WHAT TO PRODUCE:
Search the listing below for the string "cute", then copy every line it appears in.
————
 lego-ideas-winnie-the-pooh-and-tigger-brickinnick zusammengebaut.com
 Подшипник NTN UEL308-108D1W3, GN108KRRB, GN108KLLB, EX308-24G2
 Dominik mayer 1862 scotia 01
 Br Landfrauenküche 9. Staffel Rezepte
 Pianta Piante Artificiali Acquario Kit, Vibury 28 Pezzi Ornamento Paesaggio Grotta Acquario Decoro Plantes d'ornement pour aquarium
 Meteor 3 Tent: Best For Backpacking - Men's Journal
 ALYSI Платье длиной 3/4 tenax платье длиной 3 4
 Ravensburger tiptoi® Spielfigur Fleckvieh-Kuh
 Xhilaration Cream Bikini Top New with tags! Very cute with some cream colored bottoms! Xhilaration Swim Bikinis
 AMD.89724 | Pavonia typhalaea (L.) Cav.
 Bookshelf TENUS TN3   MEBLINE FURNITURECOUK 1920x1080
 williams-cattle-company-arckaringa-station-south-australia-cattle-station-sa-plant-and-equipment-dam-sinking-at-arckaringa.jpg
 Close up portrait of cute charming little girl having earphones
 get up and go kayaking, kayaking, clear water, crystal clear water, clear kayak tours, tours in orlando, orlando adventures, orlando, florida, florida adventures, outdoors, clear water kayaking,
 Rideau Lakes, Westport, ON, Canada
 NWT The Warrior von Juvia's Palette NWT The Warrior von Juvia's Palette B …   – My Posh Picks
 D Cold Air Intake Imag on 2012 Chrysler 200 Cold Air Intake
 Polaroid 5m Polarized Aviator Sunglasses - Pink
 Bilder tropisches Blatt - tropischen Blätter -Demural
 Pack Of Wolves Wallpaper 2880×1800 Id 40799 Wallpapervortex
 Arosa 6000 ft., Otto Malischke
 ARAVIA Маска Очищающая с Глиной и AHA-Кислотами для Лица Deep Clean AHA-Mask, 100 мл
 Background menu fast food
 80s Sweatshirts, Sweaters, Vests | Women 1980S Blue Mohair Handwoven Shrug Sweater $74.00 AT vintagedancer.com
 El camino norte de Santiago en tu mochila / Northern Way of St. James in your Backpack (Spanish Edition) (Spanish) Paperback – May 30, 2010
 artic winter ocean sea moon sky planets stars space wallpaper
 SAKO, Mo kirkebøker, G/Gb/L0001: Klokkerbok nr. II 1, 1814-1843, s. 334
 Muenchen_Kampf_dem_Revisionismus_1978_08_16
————
OUTPUT BELOW:
 Xhilaration Cream Bikini Top New with tags! Very cute with some cream colored bottoms! Xhilaration Swim Bikinis
 Close up portrait of cute charming little girl having earphones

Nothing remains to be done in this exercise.